La sofferenza chiede, quindi, a chi ha fede, di rimetterci nelle mani di Dio, come Gesù sulla croce: “Padre, nelle tue mani affido la mia vita” Lc.23,46).
Ma, insieme, chiede a tutti, anche a chi fede non ha, mani che si tendono ai fratelli.
“La suocera di Pietro era a letto con la febbre… Egli si avvicinò e la fece alzare prendendola per mano; la febbre la lasciò ed ella li serviva”. Alla lettera: “afferrandola con forza, stringendo forte la mano”; una presa forte che strappa la donna dalla sua posizione di malata; la “risuscita” (“fece alzare”, verbo greco “egheiro” è lo stesso usato per la risurrezione di Gesù), la rimette in piedi, la reintegra nella sua dignità di creatura, fatta per amare e servire. “Li serviva” (verbo greco “diecònei autois”). Per i rabbini il servizio e la frequentazione di donne erano sconsigliati,. Gesù sovverte regole e innova comportamenti.
Così la suocera di Pietro, “diacono”, diviene immagine di quanti, guariti da prostrazione, ripiegamento su se stessi, afferrati dalla mano di Gesù, si fanno “diaconi”, servi degli altri.
Noi oggi siamo la mano che Gesù tende a sollevare. L’espressione: “Ti do una mano”, è significativa. E’ bello sentircelo dire e ancor più ricevere “una mano”: fa superare la paura di essere soli, abbandonati; e consola, riaccende una speranza. L’abbiamo sperimentato tutti: quando qualcuno non fugge davanti al nostro dolore, ma stende la mano, si accosta, noi iniziamo in certo modo a guarire, diventiamo più forti nella prova, ed è già guarigione.

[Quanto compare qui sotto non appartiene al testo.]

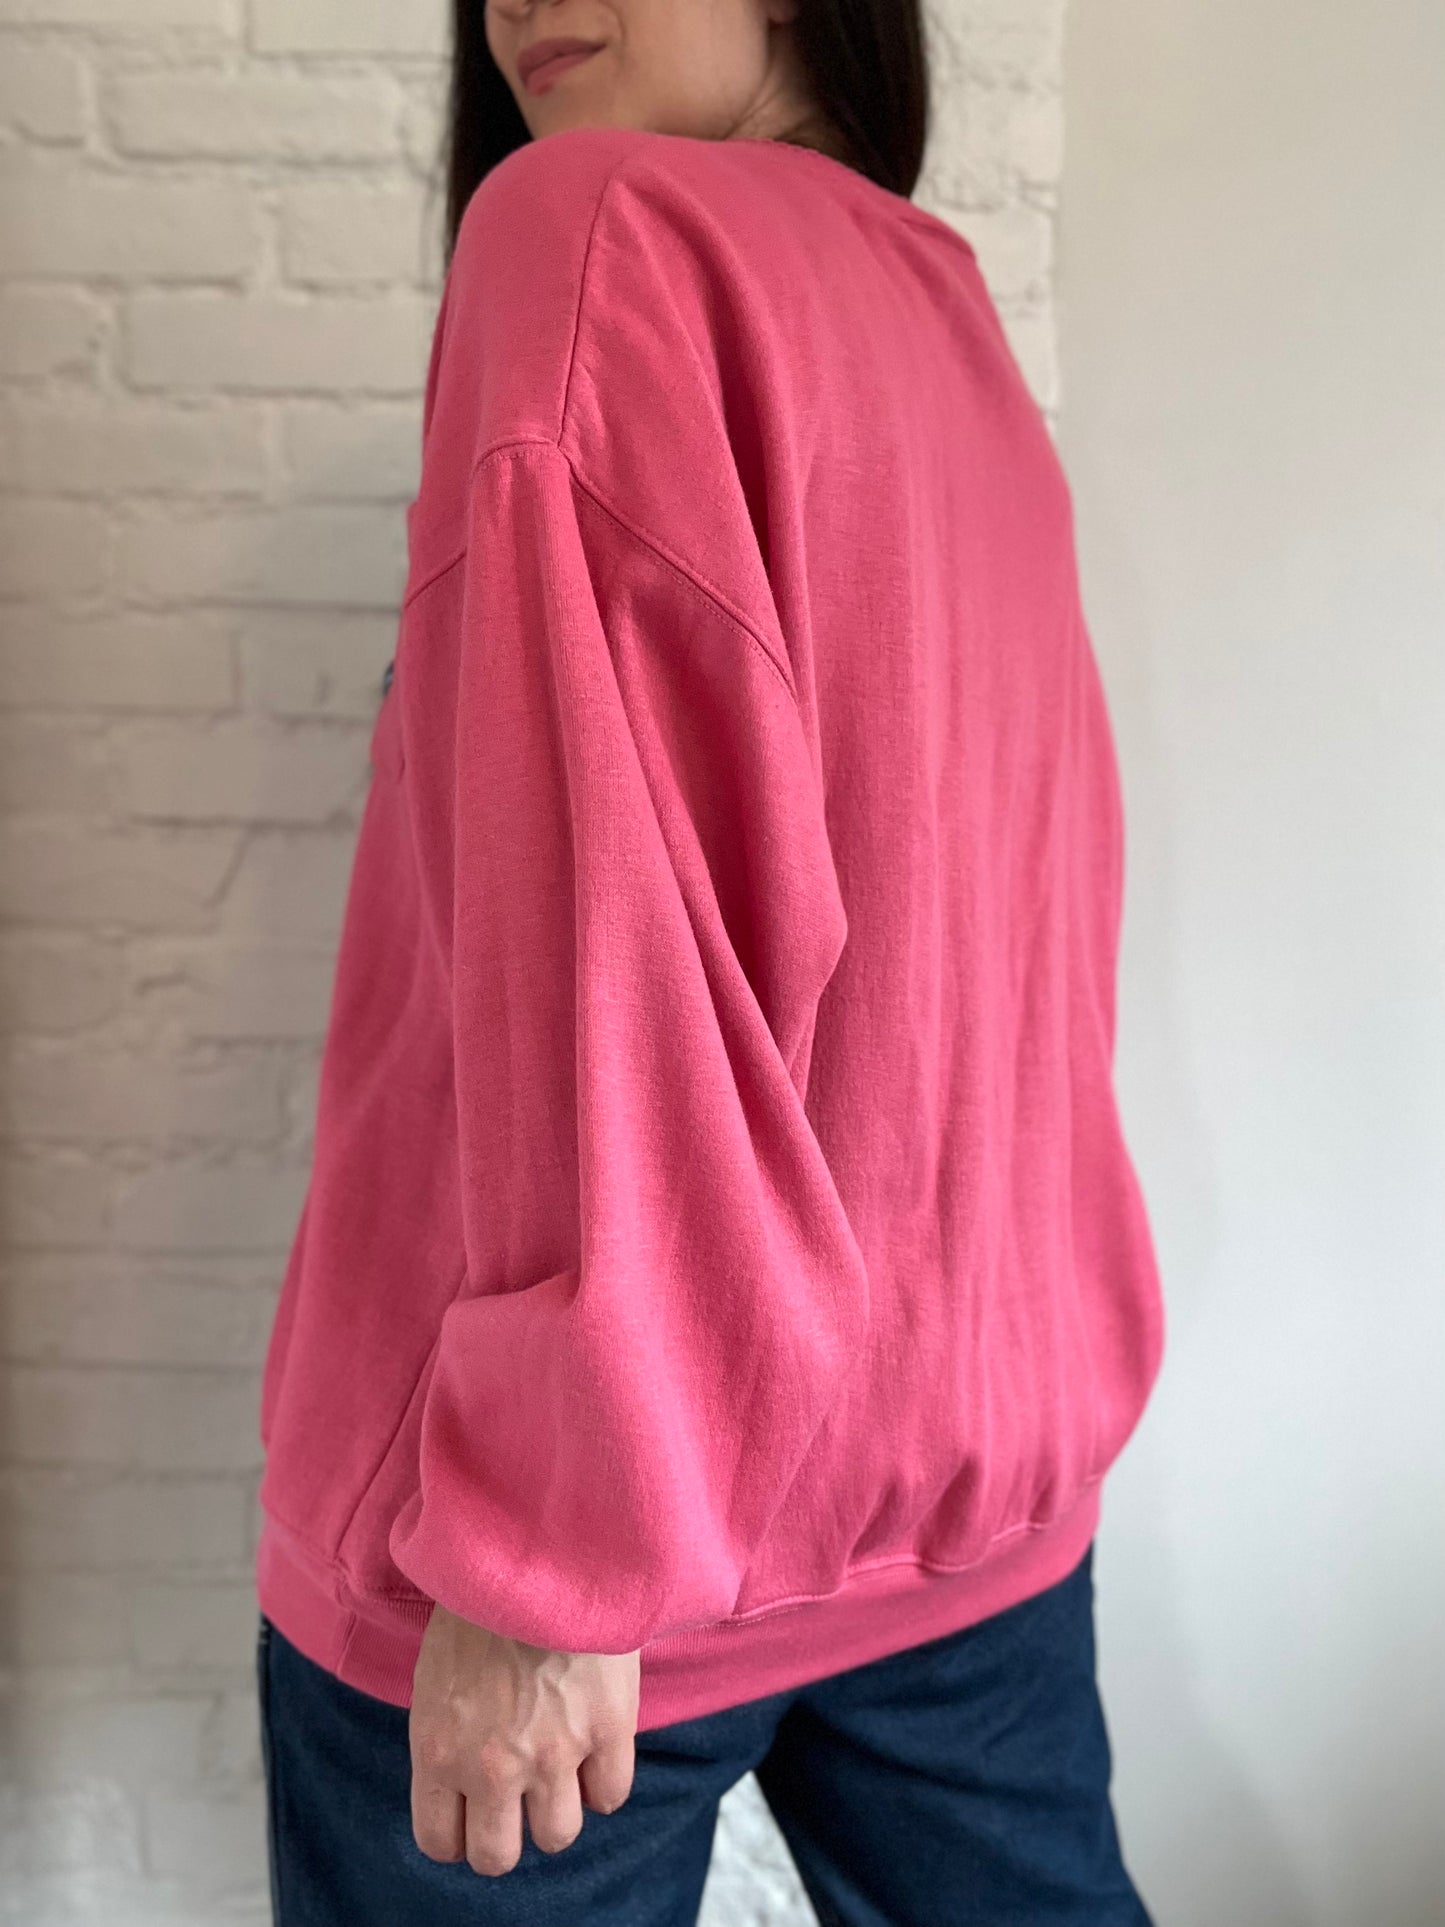 90s Cottage Core Pink Sweater - Size XL/XXL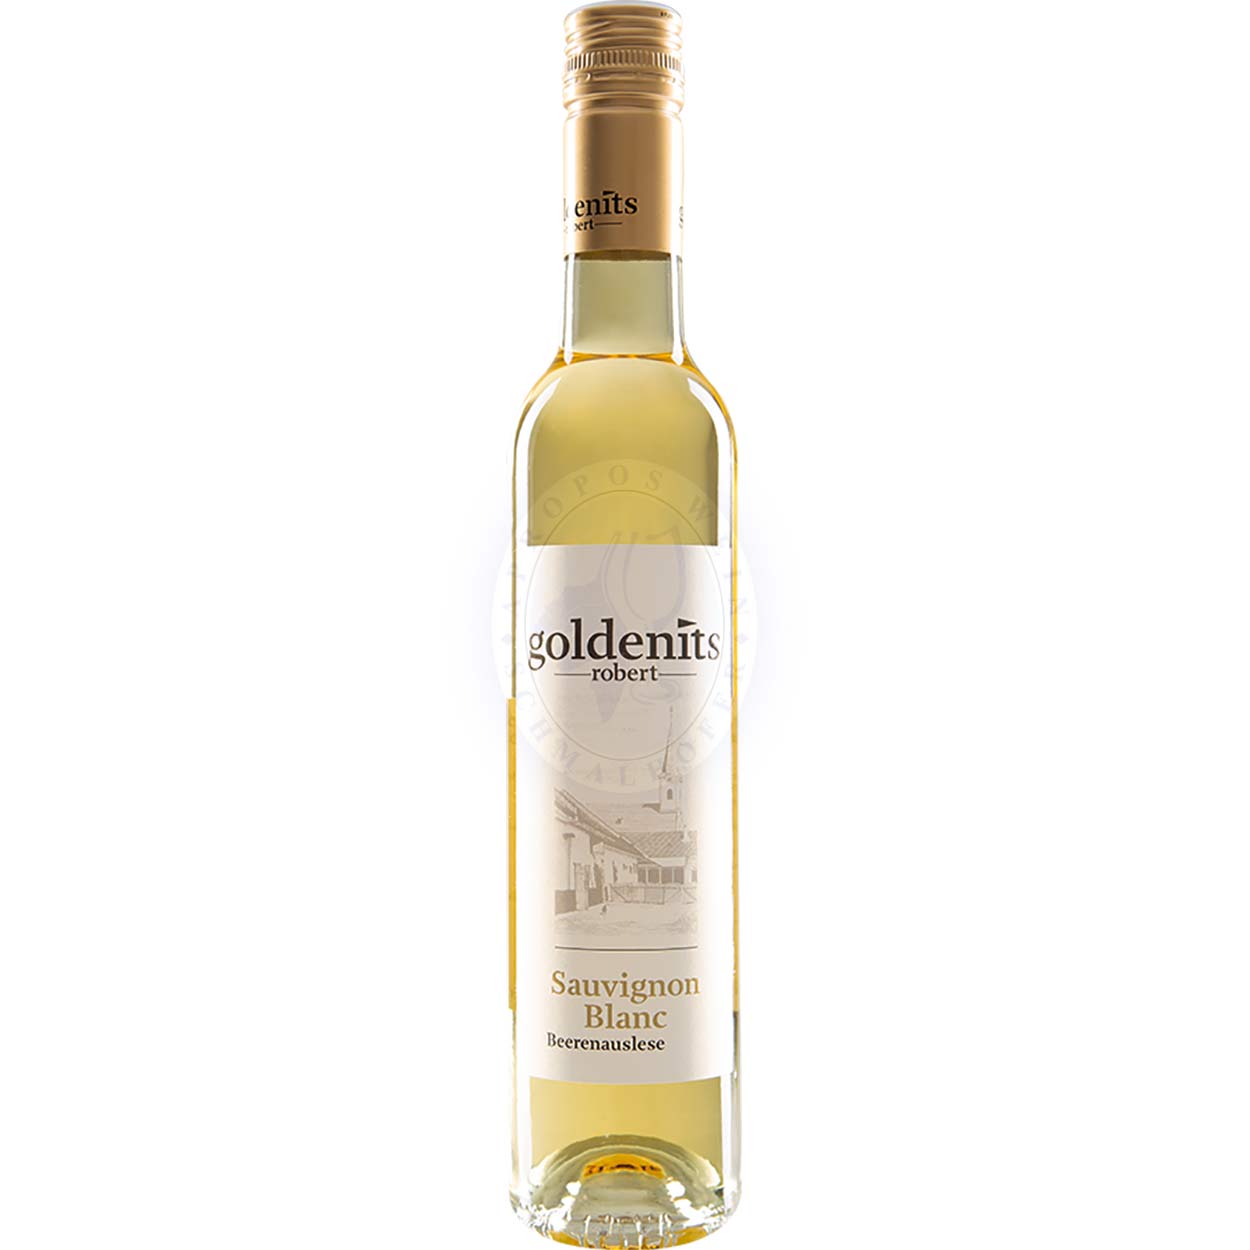 Goldenits Beerenauslese Sauvignon Blanc 2018 Weingut Robert Goldenits 0,375l

Una domanda: quale significato riusciamo a dare alla stretta di mano al momento dello scambio di pace? E’ un impegno a “dare una mano”?
Sentiamoci “afferrati” e “rialzati” dalla mano forte del Signore; e nella quotidianità, nella nostra settimana, ripetiamo, moltiplichiamo lo stesso suo gesto.
Un’ultima annotazione: Gesù non si lascia totalmente catturare, sedurre dalle folle che attendono guarigione: ”Al mattino si ritirò in un luogo deserto e là pregava”; cerca e trova spazio e tempo di solitudine e di silenzio per mantenere la sua relazione con il Padre. “Del resto: da dove Gesù attinge la sua forza? Da dove attinge la pazienza, la dedizione, l’abnegazione, lo spendersi? Da dove se non dalla relazione nutrita quotidianamente con il Padre?” (Bose).